Por supuesto, tienen usos beneficiosos, pero pensando en el ecosistema informativo y la desinformación los efectos pueden ser fatales. Un artículo publicado en la revista Science a comienzos de este año alerta sobre capacidades emergentes de los agentes de IA como la fabricación de consenso sintético o el envenenamiento de chatbots con narrativas falsas. Esta publicación alerta cómo un enjambre de agentes maliciosos puede sostener identidades persistentes en el tiempo, coordinar objetivos compartidos con distintas “personalidades”, adaptarse en tiempo real a las reacciones de las audiencias y operar simultáneamente en múltiples plataformas, casi sin supervisión humana.

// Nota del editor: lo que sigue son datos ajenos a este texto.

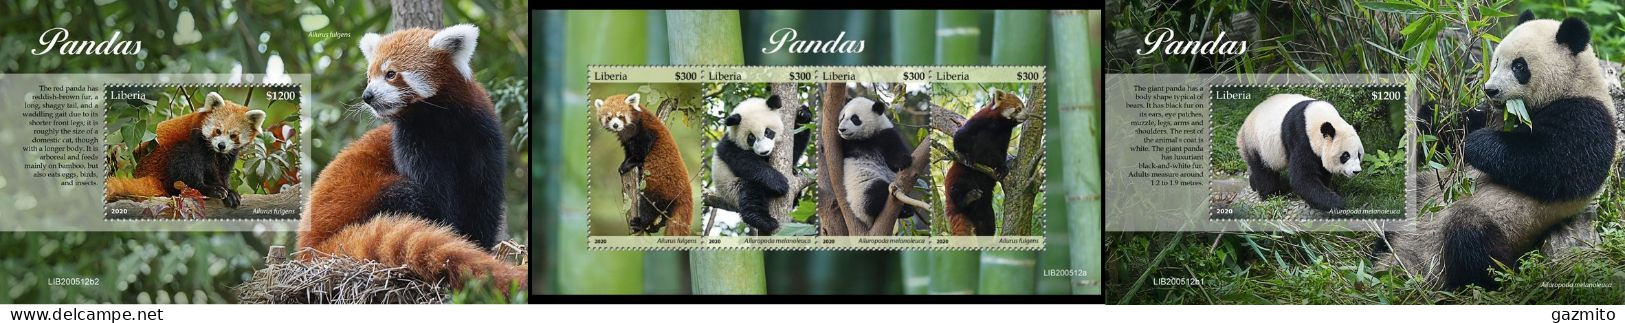 Liberia 2020, Animals, Panda, 4val In BF +2BF - Bären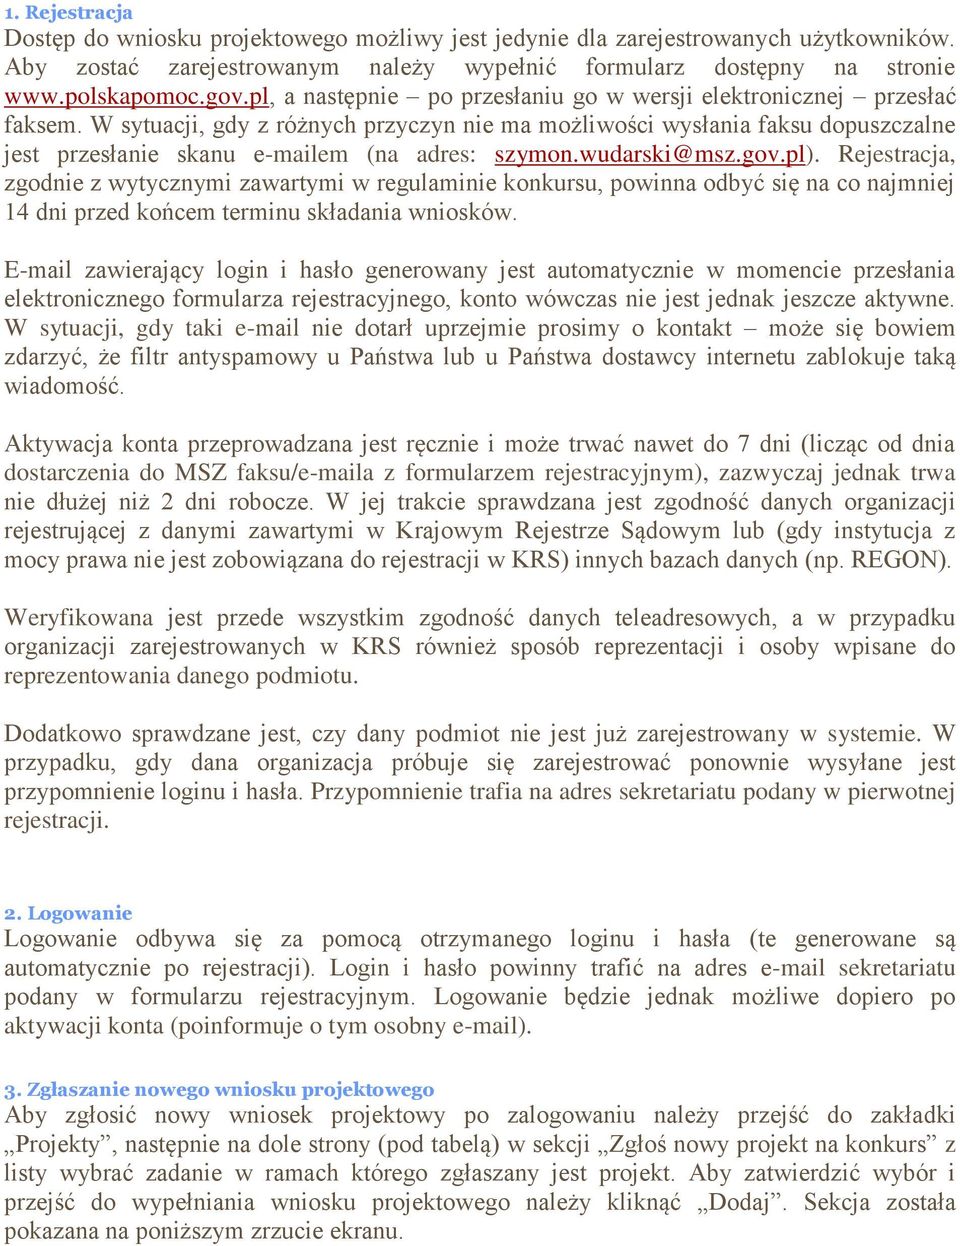 W sytuacji, gdy z różnych przyczyn nie ma możliwości wysłania faksu dopuszczalne jest przesłanie skanu e-mailem (na adres: szymon.wudarski@msz.gov.pl).

Esta proyección me lleva a pensar en lo que la teoría crítica de la tecnología nos ha alertado por décadas: la ambivalencia de la tecnología. En este caso, una tecnología que está generando mucho entusiasmo en la industria —los agentes de la IA— puede tener efectos devastadores sobre el debate cívico y la democracia, sobre la verdad construida sobre hechos. Lo más preocupante es que esto no es ciencia ficción, pues para finales de 2026 se proyecta que las identidades no humanas superarán en número a las humanas en los entornos digitales.
Para concluir con esta entrevista, quisiera consultarle ¿Cómo se relaciona este escenario con la economía de la atención digital?
Leslie Salgado:
Todo esto intersecta de manera crítica con la economía de la atención digital y lo que UNESCO llama la plataformización de la democracia. Por un lado, el acceso a la información está mediado por algoritmos cuyo interés no es la calidad del contenido sino su capacidad de generar clics y engagement. Como sabemos, esos algoritmos nos mantienen además en burbujas informativas, aislados de visiones contrarias o alejadas de nuestros sesgos.
Por otro lado, la IA Generativa puede producir desinformación masivamente, rápido y dirigida a audiencias específicas. Esa capacidad se articula perfectamente con la lógica de los algoritmos. La combinación es, para usar una palabra no exagerada, alarmante. El resultado no es solo que el contenido falso, emotivo, no factual circula más rápidamente; es también que los espacios donde podríamos encontrarnos a conversar, a compartir hechos, a debatir desde perspectivas diversas, se erosionan cada vez más y desaparecen.
En palabras de UNESCO, la democracia requiere una ciudadanía bien informada y capaz de dialogar. Esa posibilidad está bajo una presión sin precedentes. De ahí que preguntas como qué formas de alfabetización mediática son efectivas en este contexto, cómo se produce y circula la desinformación en la región o cómo medir el impacto real de la desinformación en las elecciones no son solo preguntas para la investigación académica, sino preguntas urgentes para la supervivencia de la conversación democrática.
Quito., 09 marzo 2026.
Nota:
El ciclo de reflexión “Democracia algorítmica” es una iniciativa organizada conjuntamente por el Área de Estudios Sociales y Globales de la Universidad Andina Simón Bolívar, Sede Ecuador, y la Oficina de la UNESCO en Ecuador. Este ciclo se concibió como un espacio de debate interdisciplinario orientado a analizar el impacto creciente de la inteligencia artificial en las democracias contemporáneas, la seguridad, las políticas públicas, los medios de comunicación y los procesos de formación de la opinión pública. El ciclo está previsto para cinco sesiones, desarrolladas a lo largo de 2025 y el primer semestre de 2026, y contempla como resultado final la publicación de un libro académico que reúna las memorias de estos cinco encuentros.